Timothy J. McCall pleaded guilty to being a felon in possession of a firearm in violation of 18 U.S.C. § 922(g)(1). The district court imposed the fifteen-year minimum prison sentence mandated by 18 U.S.C. § 924(e)(1) for a § 922(g)(1) offender who has three prior “violent felony” convictions. McCall appeals, arguing [969]*969that the district court erred in concluding that his three prior felony convictions for driving while intoxicated in Missouri were violent felonies that trigger the § 924(e) enhancement. This issue requires us to construe and apply the definition of “violent felony” found in § 924(e)(2)(B)(ii):

(B) the term “violent felony” means any crime punishable by imprisonment for a term exceeding one year ... that—
(i) has as an element the use, attempted use, or threatened use of physical force against the person of another; or
(ii) is burglary, arson, or extortion, involves use of explosives, or otherwise involves conduct that presents a serious potential risk of physical injury to another .... (Emphasis added.)

A panel of this court reversed the fifteen-year sentence, United States v. McCall, 397 F.3d 1028 (8th Cir.2005), concluding that it was bound by a prior panel’s decision that felony DWI offenses are not “crimes of violence” under an identically worded “otherwise involves” provision in U.S.S.G. § 4B 1.2(a)(2). See United States v. Walker, 393 F.3d 819 (8th Cir.2005). We granted the government’s petition for rehearing en banc to consider de novo whether a felony DWI conviction in Missouri is a violent felony under the “otherwise involves” provision in § 924(e)(2)(B)(ii). We conclude that felony driving while intoxicated is a violent felony. However, because the Missouri felony DWI offense includes non-driving conduct as well, we remand for further sentencing proceedings at which the government may seek to prove that McCall’s prior convictions were driving offenses, using the limited universe of evidence permitted by Taylor v. United States, 495 U.S. 575, 110 S.Ct. 2143, 109 L.Ed.2d 607 (1990), and Shepard v. United States, 544 U.S. 13, 125 S.Ct. 1254, 161 L.Ed.2d 205 (2005).

X.

Many decisions of this court and our sister circuits have construed the “otherwise involves” provision in 18 U.S.C. § 924(e)(2)(B)(ii) since the provision was enacted as part of the Armed Career Criminal Act of 1984. The question recurs frequently and has a significant impact on an offender’s sentence. The statute was designed to implement an important principle of federal sentencing — violent career criminals who possess firearms should be severely punished. But the legislative history reviewed by the Supreme Court in Taylor, 495 U.S. at 581-90, 110 S.Ct. 2143, demonstrates that Congress struggled to define the types of violent felonies that should trigger the sentence enhancement.
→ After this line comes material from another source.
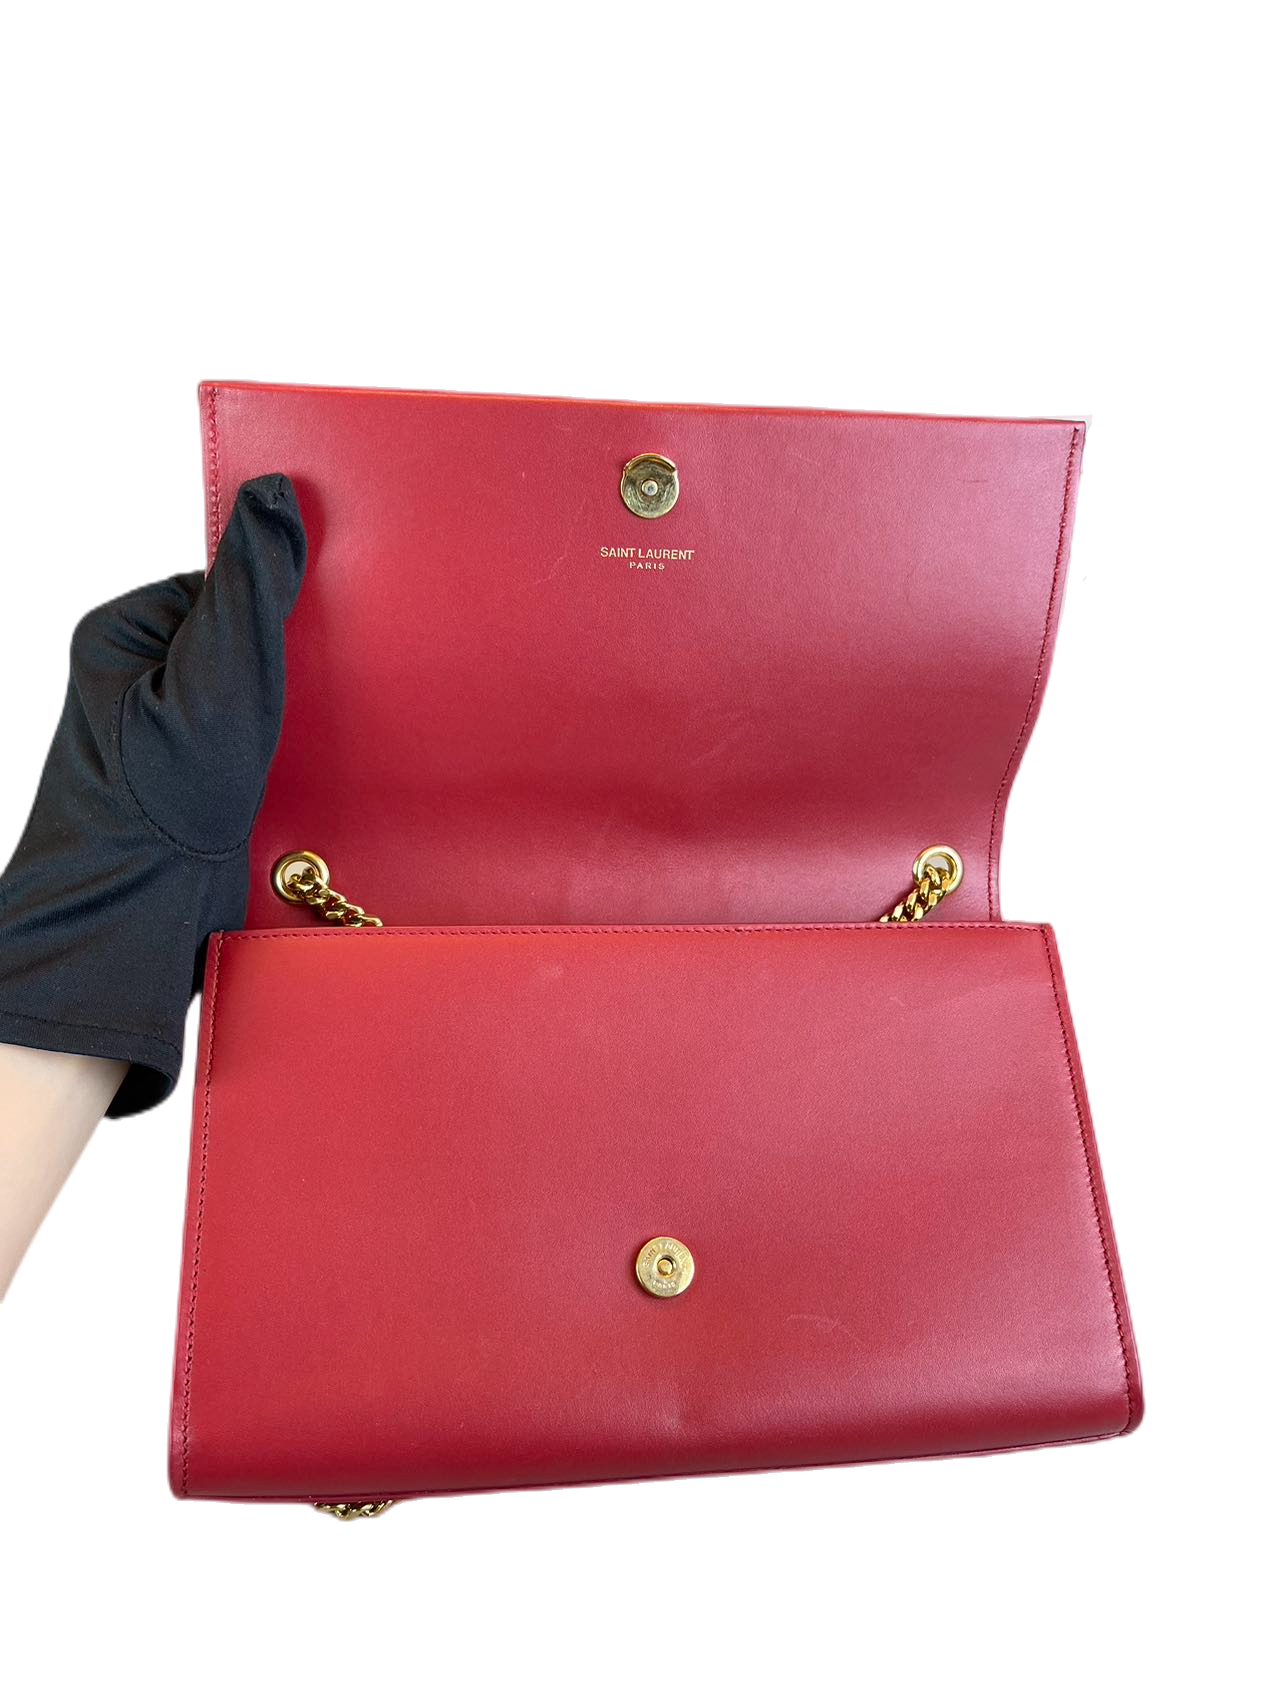 Yves Saint Laurent Red Leather Monogram Kate Chain Shoulder Bag

Subsection 924(e)(2)(B)(i) used language taken directly from the definition of a “crime of violence” in 18 U.S.C. § 16(a) — a crime that “has as an element the use, attempted use, or threatened use of physical force against the person of another.” But subsection 924(e)(2)(B)(ii), which added categories of violent or dangerous property crimes to the universe of violent felonies, used an odd structural amalgam — “is burglary ... or otherwise involves conduct that presents a serious potential risk of physical injury to another.” Thus, the first question in construing the “otherwise involves” provision is to determine whether its focus is on the statutory elements of a prior conviction, or on the facts (“conduct”) underlying that conviction.

In Taylor, the Supreme Court held that the enumerated crime “burglary” in § 924(e)(2)(B)(ii) means “ ‘burglary’ [in] the generic sense in which the term is now used in the criminal codes of most States.” 495 U.S. at 598, 110 S.Ct. 2143. To determine whether a defendant’s prior eonvic[970]*970tion was for generic burglary, and therefore was a violent felony, the Court adopted a “formal categorical approach, looking only to the statutory definitions of the prior offenses, and not to the particular facts underlying those convictions.” Id. at 600, 110 S.Ct. 2143.

The language of the first operative clause in § 924(e)(2)(B)(ii) — “is burglary, arson, or extortion” — almost commands use of a formal categorical approach in determining what offenses are included within these enumerated crimes. But the language of the provision here at issue— “otherwise involves conduct ” — suggests that the facts underlying a particular offense may be relevant. The Supreme Court did not answer this question in Taylor, see 495 U.S. at 600 n. 9, 110 S.Ct. 2143, and our prior panel opinions have been inconsistent. Compare United States v. Mincks, 409 F.3d 898, 899-900 (8th Cir. 2005) (reviewing only the statutory elements), with United States v. Johnson, 326 F.3d 934, 937 (8th Cir.2003) (reviewing the underlying facts).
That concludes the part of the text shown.